Блаженная Моника была отраслью одного из тех благородных семейств, которые во время грозных гражданских переворотов в Римской империи потеряли все свои богатства. Родители Моники могли уже предвидеть, что они оставят в наследство своей дочери одно знатное имя и воспоминание о прежнем блеске. Это способствовало тому, что отец и мать Моники все свое внимание обратили на развитие души дочери, стараясь утвердить в ней строго христианский взгляд на земные блага, тленные, ничтожные и скоропреходящие. Вероятно, этим внушениям она обязана тем ранним равнодушием к земным удовольствиям и пламенным влечением к вечным благам, которые до конца её жизни составляли отличительную черту её характера.

Когда блаженная Моника говорила о первом воспитании, данном её юной душе, она восхваляла не одни ревностные заботы матери, но вспоминала с признательностью и престарелую служанку, которая берегла её детство. Служанка эта вскормила отца блаженной Моники, носила его на руках, как молодые матери носят своих детей, и, когда он возмужал на её глазах, присутствовала на его браке; с тех пор, окруженная почтением, вполне заслуженным её усердием и добродетельною жизнью, украшавшею ее, она не переставала жить у него в доме и при рождении у него детей делалась снова нянькой, или, лучше сказать, второю их матерью. Усердная, благоразумная, строгая, иногда даже немного суровая и бранчивая, но преданная своей молодой госпоже, эта почтенная няня окружила деятельною бдительностью колыбель дитяти, предназначенного к столь славной участи.

Предохраненная, таким образом, от всех опасностей, возращенная с такою заботою, голова ребенка осенялась с ранних лет венцом добродетелей.

Еще в первом возрасте она уже пользовалась теми минутами, когда за ней не следили, и уходила в церковь, где, в укромном уголке, со сложенными на груди руками и опущенными к земле глазами, находила такое наслаждение в молитве, что забывала время возвращения домой.

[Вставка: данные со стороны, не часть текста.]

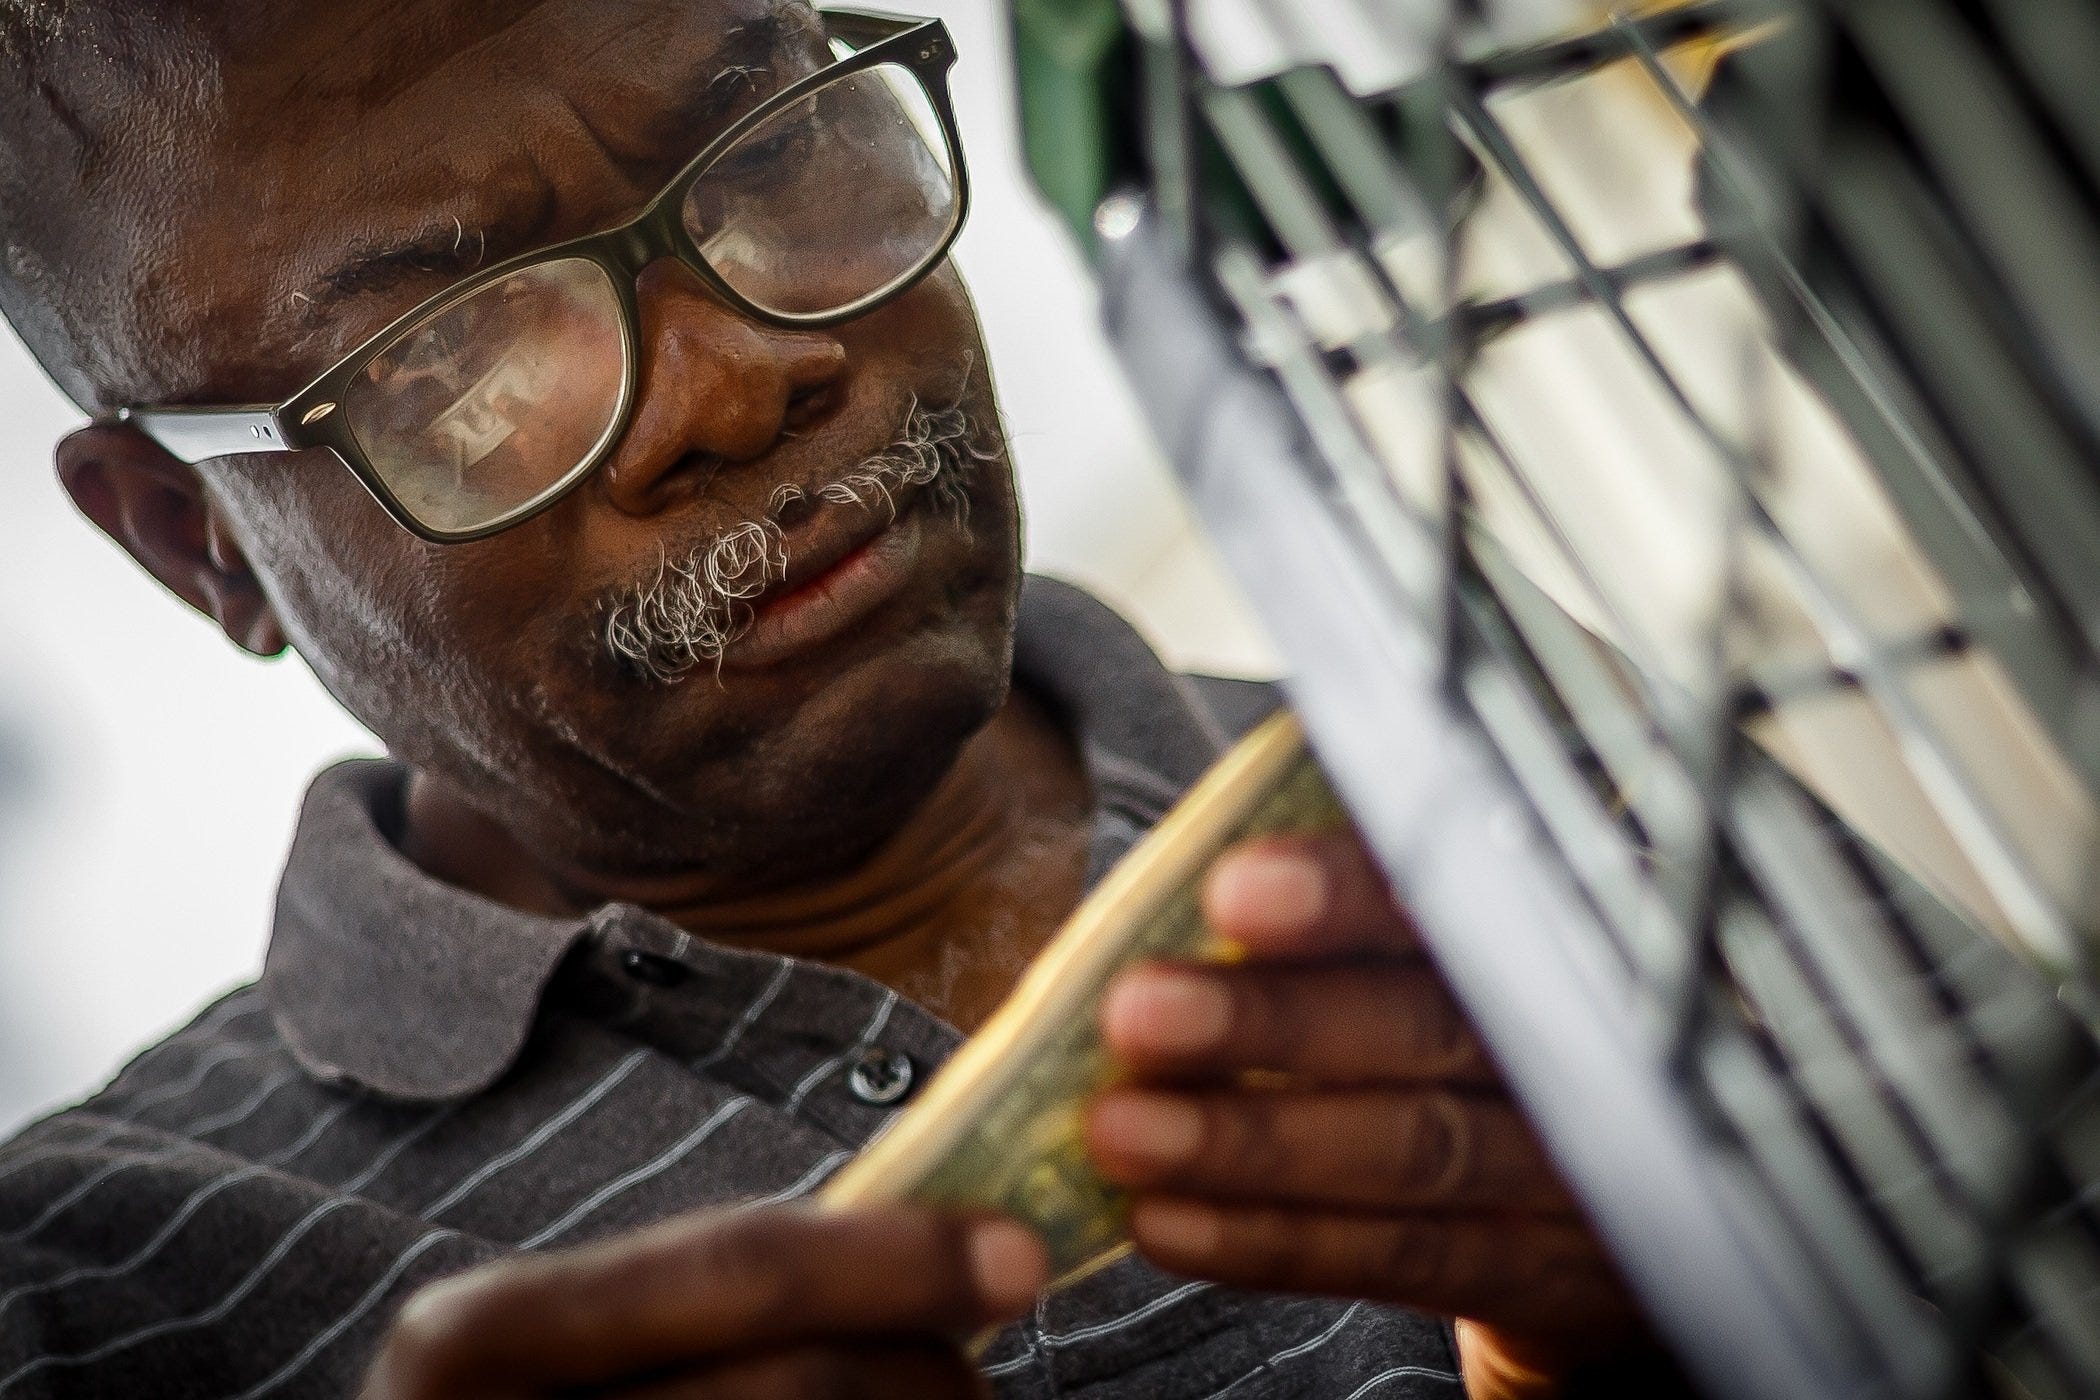 Degraff Jean methodically checks his currency to ensure he is giving the correct bills to a PalmTran driver before he is picked up at a local supermarket in West Palm Beach. DeGraff is losing his eyesight due to glaucoma.

Когда она приходила поздно к родителям и наставнице, то выслушивала строгие упреки и даже иногда переносила побои, но ни те, ни другие не вызывали из её груди ни одного слова жалобы и не уменьшали её признательности к престарелой кормилице отца. Иногда она незаметно уклонялась от шумных игр с подругами, и ее находили под деревом неподвижною, погруженною в великие думы, забывшею игру для молитвы. Она даже часто вставала ночью, становилась на колени и, скрестив свои детские руки, произносила с удивительными для её лет набожностью и усердием молитвы, которым учила ее мать.

В сердце блаженной Моники в то же время пробуждалось и другое высокое, истинно-христианское чувство, – чувство любви к бедным. Она часто тихонько прятала остатки хлеба, который давали ей, и, скрываясь от всех, ждала на пороге дома нищего, чтобы поделиться с ним своим насущным хлебом.

В особенности в ней возбуждали сострадание странники и больные. Она выжидала прихода странников под гостеприимный кров своего отца, усаживала их на скамейку и, хотя еще очень маленькая, искала, по древнему обычаю, чести умывать им ноги. Она посещала больных. Как тем, так и другим она оказывала услуги, которые могла оказать девочка её лет, обладающая чувствительным сердцем. Она являла также во всех своих поступках кротость и душевное спокойствие. Играя с подругами, она одним словом усмиряла их детские раздоры и несогласия. На её челе, в звуках её голоса, в её поступи было столько безмятежной тишины, что она невольно, без её ведома, действовала даже на старших, и благодатное состояние её светлой ангельской души благотворно веяло на души всех окружавших юную Монику.

К этим ниспосланным от Бога качествам, предназначавшим ее к чести быть матерью блаженного Августина, присоединялись и другие добродетели, внушенные ей деятельною и строгою заботливостью её няни. «Употребляя то благоразумную строгость для исправления, то заботливую предусмотрительность для наставления, – говорит блаженный Августин, – она приучала ее заранее к строгим правилам жизни. Кроме определенных часов, когда Монике за столом с родителями предлагалась очень умеренная пища, няня не позволяла ей пить ничего, даже воды, хотя бы она чувствовала жажду и, приучая ее таким образом к воздержанию, предохраняла от всех опасностей в будущем; а без воздержания, лишения, твердости характера и жертв нельзя быть ни христианкой, ни женою, ни матерью, ни праведницею

Так протекло детство блаженной Моники, подобно ясной утренней заре, предзнаменующей великолепный день. Она уже переходила из отрочества в юность, когда ей было сделано предложение вступить в брак.

Родители её дали на него свое согласие, и, по неисповедимым путям Промысла, эта девица, которая по всем предположениям должна была всецело посвятить себя Богу или, оставаясь в мире, быть самою счастливою супругою, была соединена брачными узами с таким человеком, который, как оказалось, впоследствии, был недостоин назваться её мужем. Патрикий, с которым мы должны несколько ознакомиться, был уроженец города Тагаста, происходил от древнего высокого рода, более знатного, чем семейство Моники, но был не богат; и к тому же он был язычник и крайне жесток.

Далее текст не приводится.